Help with Corp IT

where i used to work, the IT department was the engineering Staff. we had 2 networks. corporate and plant.

where i am now, the IT department assigned us a group of ip addresses we could use, the first 11 addresses were reserved for the IT group for future use.

whet you need to do is get them to give you a plant network that cannot be seen by corporate. or get a list of addresses that you can only use.
i suspect that the duplicate ip address issue is coming from the IT group not knowing your plc addresses. explain to them that they are shutting down the plant operations because of this. if that doesn't work, let the line stay down because of the issue and that will get everyone's attention. then the plant manager will get involved.
regards,
james
 
I had the same issue as robertkjonesjr said in his reply with a stratix 5700 which is pretty much the same switch. Rockwell said it is fairly common and can be solved by disabling the IPDT function using the process described in there tech note ID:BF2882. When this happened I recall them also checking to see if I had DHCP enabled. We do not use it so it was not selected, but I do remember the tech saying that it is common for people forgetting to set up a DHCP pool on the switch so it knows which addresses to exclude.
 
I had a similar issue to this on a site with all Cisco/Stratix switches and it took a hell of a lot of digging before someone uncovered the root cause.

Basically, my company was installing a new control system on an existing site, and when we plugged in the uplink from the wider plant network to our Stratix switch, it would within an hour (sometimes instantly) take down several unrelated production lines. Several of the devices affected were displaying duplicate IP address faults. You better believe that we quadruple and quintuple checked that there were no duplicate IP's going on (there were not) but no matter what, as soon as that switch was on the network, we were guaranteed to cause problems.

In the end, it turns out that it had absolutely nothing to do with duplicate IP's and everything to do with a quirk of the spanning tree management protocol and a stroke of incredibly bad luck.

I'm not a network engineer so I may be a little inaccurate on the details, but essentially, on a managed network, one switch must be in charge of spanning tree management (i.e. scanning the network to ensure that there are no loops that shouldn't be there, and shutting down ports to block undesired loops if one is found). Generally, in a large network, this will be the main layer 3 router. The switch that is in charge of this is designated by some sort of parameter, whereby the device on the network with the lowest number is in charge. This (I presume) allows you to set up multiple devices to be ready to take over should the main device fail.

But, I hear you ask, what happens if the people responsible for setting up this network (coughRockwellAutomationcough) forget to set these settings, and all the devices on the network have the same (default) priority value? I'm glad you asked!

As it turns out, in that case, the device in charge of spanning tree is determined to be the one that has the lowest mac address.

Guess which of the 500+ network devices on this particular network just happened to have the lowest mac address?

Yep.

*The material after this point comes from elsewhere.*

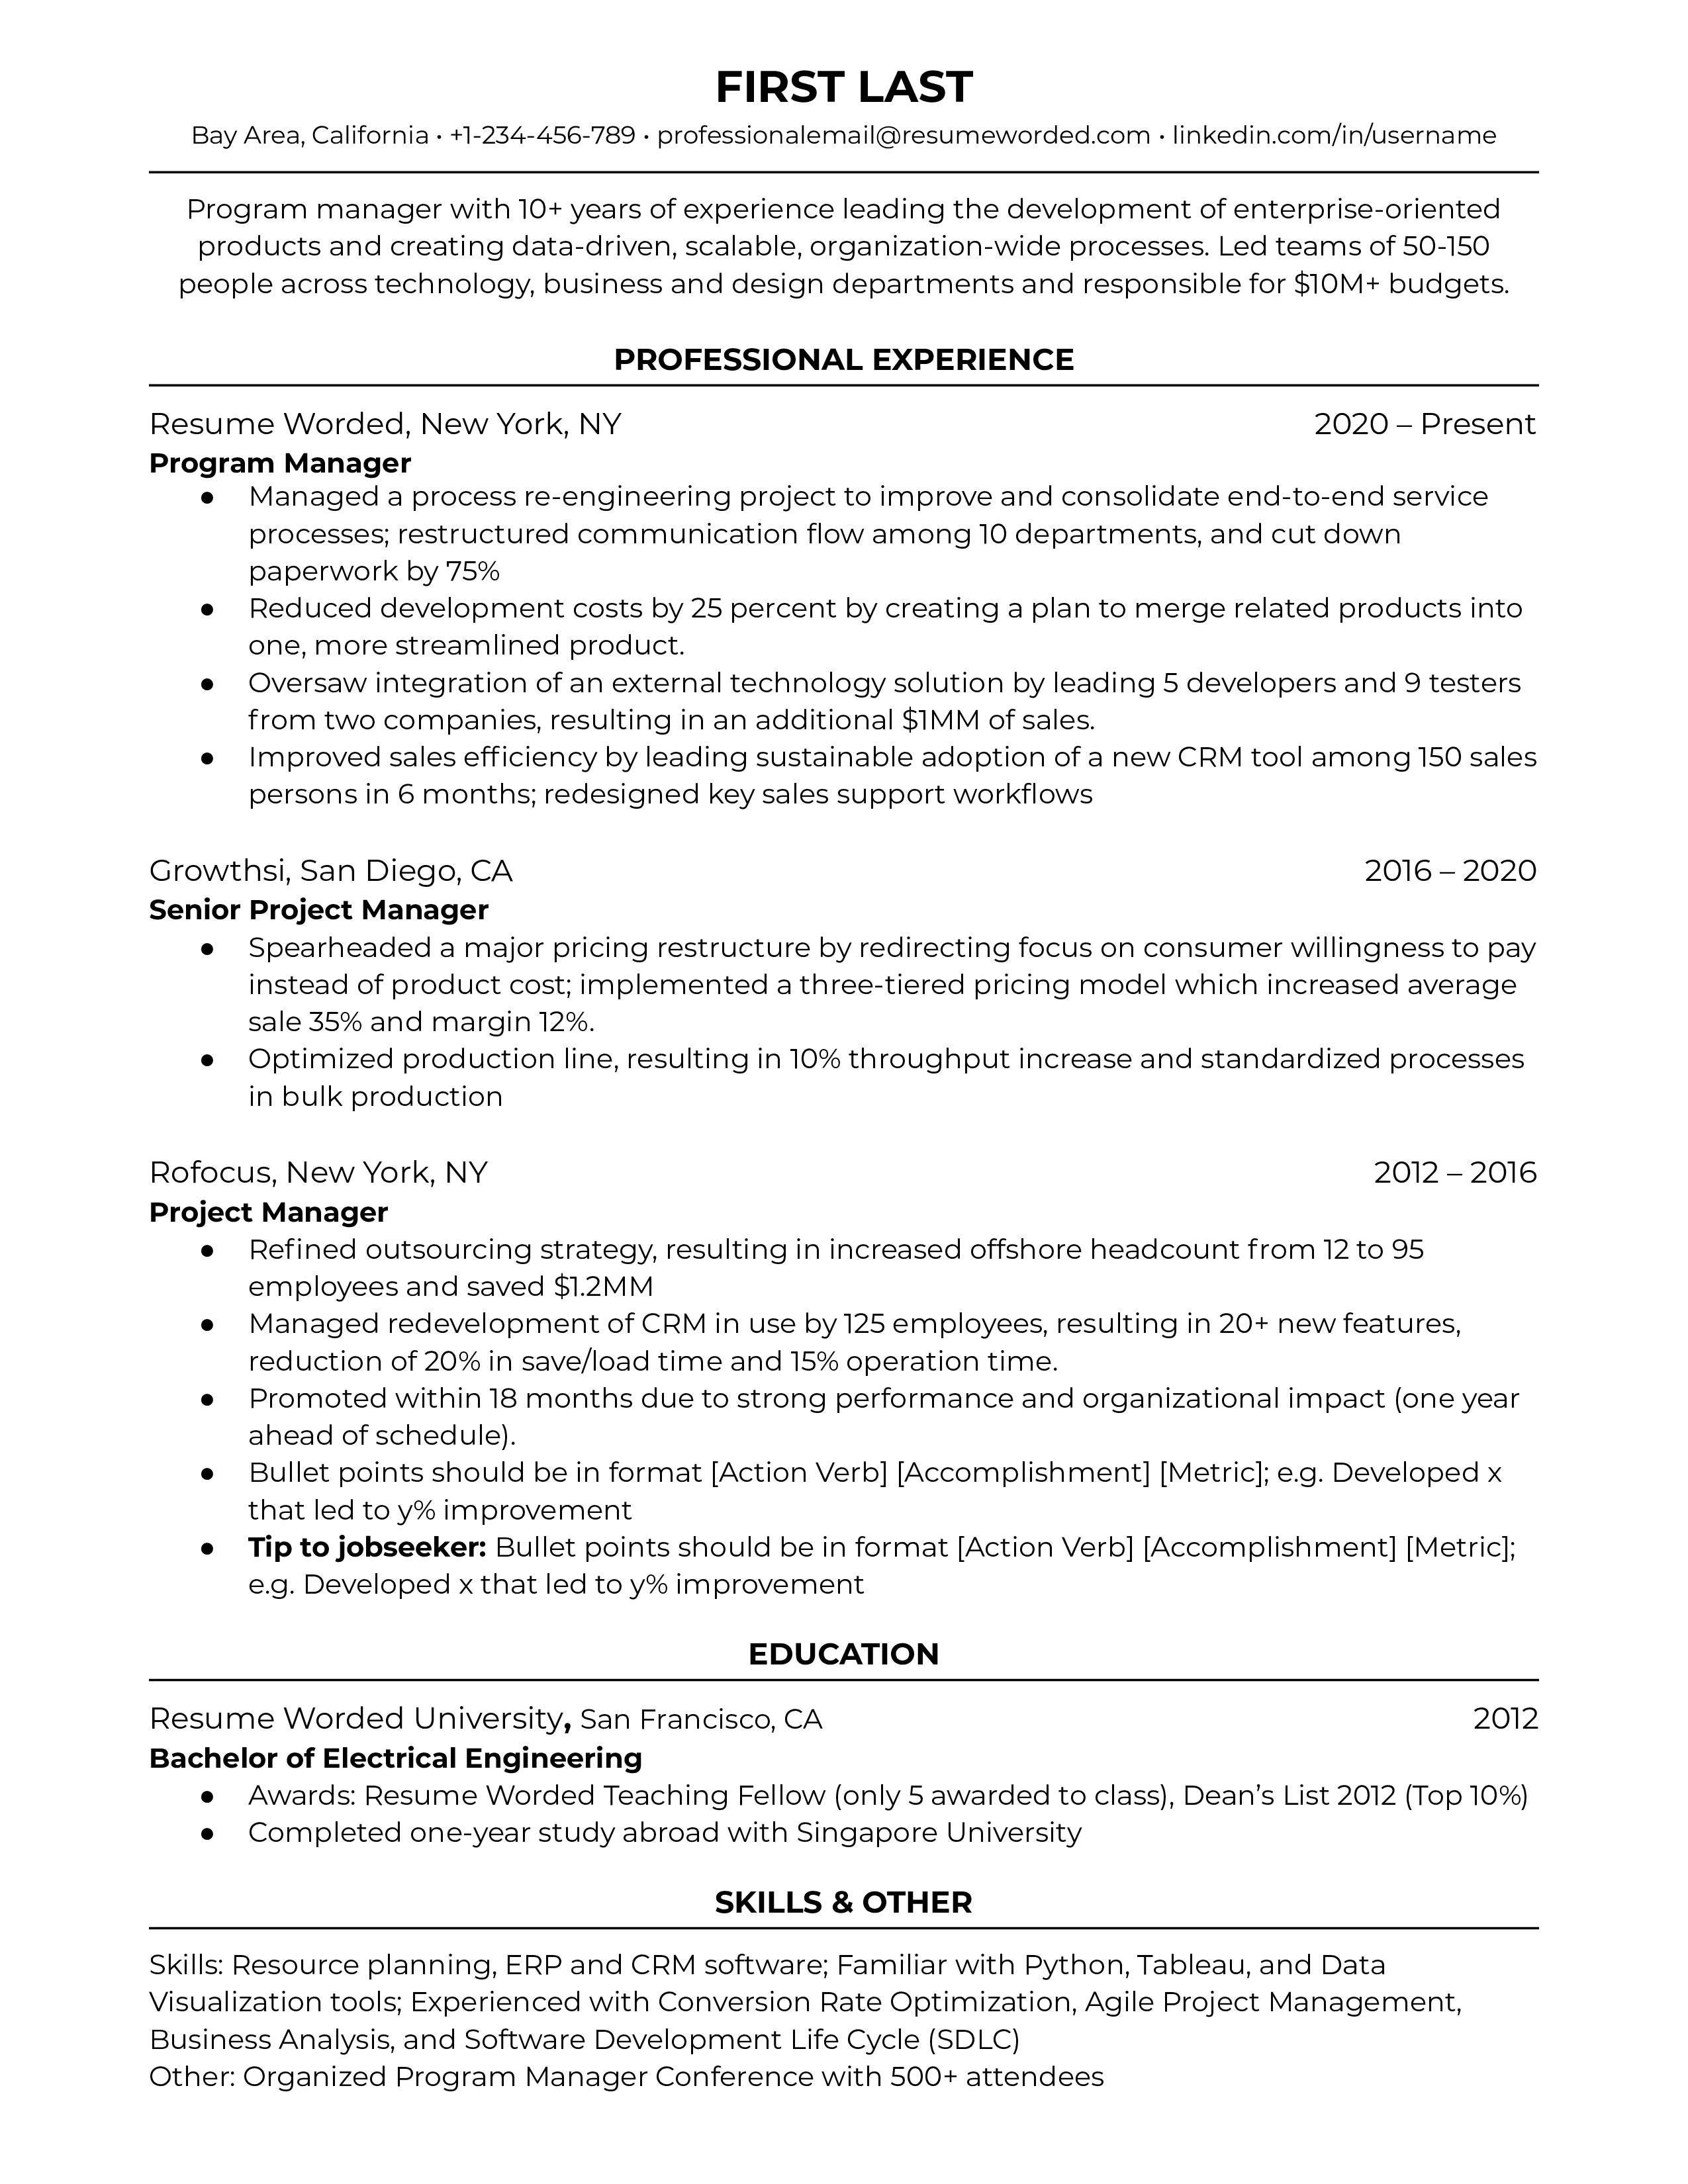 A detailed CV of a Program Manager showcasing strategic and problem-solving skills.

The stratix switch in our new control panel.

So shortly after joining the network, our humble stratix 5700 realised it had a very important job to do, and started messing with ports all over the network trying to map out the spanning tree structure for an entire facility. For completely understandable reasons, this caused some problems with network communications. For reasons I cannot fathom, some of those issues presented as PLC's reporting a duplicate IP address.

So we got RA on the line to sort out the priority settings in their core network infrastructure, and the problem immediately went away.

I swear, networking problems can drive a sane man stark raving bonkers in less than 24 hours.

networking_problems.png
 
I bought one Stratix switch to look into and it did the same RSTP thing. After I found out that's what it was I boxed it up and sent it back.

If there is one thing about AB that gets under my skin it's when they do this kind of thing thinking their way is always the best way and to hell with the existing system. I mean
plugging in a new switch should not take out the network under any circumstances. A cisco that its based on doesn't do that.
 
In fairness to RA, that's not a Rockwell feature, that's just how RSTP works. If you you don't specifically configure at least one device with a lower priority parameter, the tiebreaker is the mac address. We (and presumably you, in that case) just got unlucky with happening to have the device with the lowest mac address on the network.

I only blame RA because this site contracted them to install and configure their entire network backbone, and the RA techs didn't set that setting correctly. If they had, the whole issue would never have occurred. So yes, we can blame RA, but only the people, not the hardware.
 
None I have used do. Its a bad idea for exactly this reason. Same reason they don't have DHCP enabled by default either. You should have to OPT IN to features like that, not out.
 
create a NAT sheet in excel, first colum is your PLC network IP's (hopefully 192.186.x.x) next is a NAT address assigned by IT(10.x.x.x). then your device description. tell IT this NAT table needs to be on a separate VLan for security. DHCP address need their own VLan.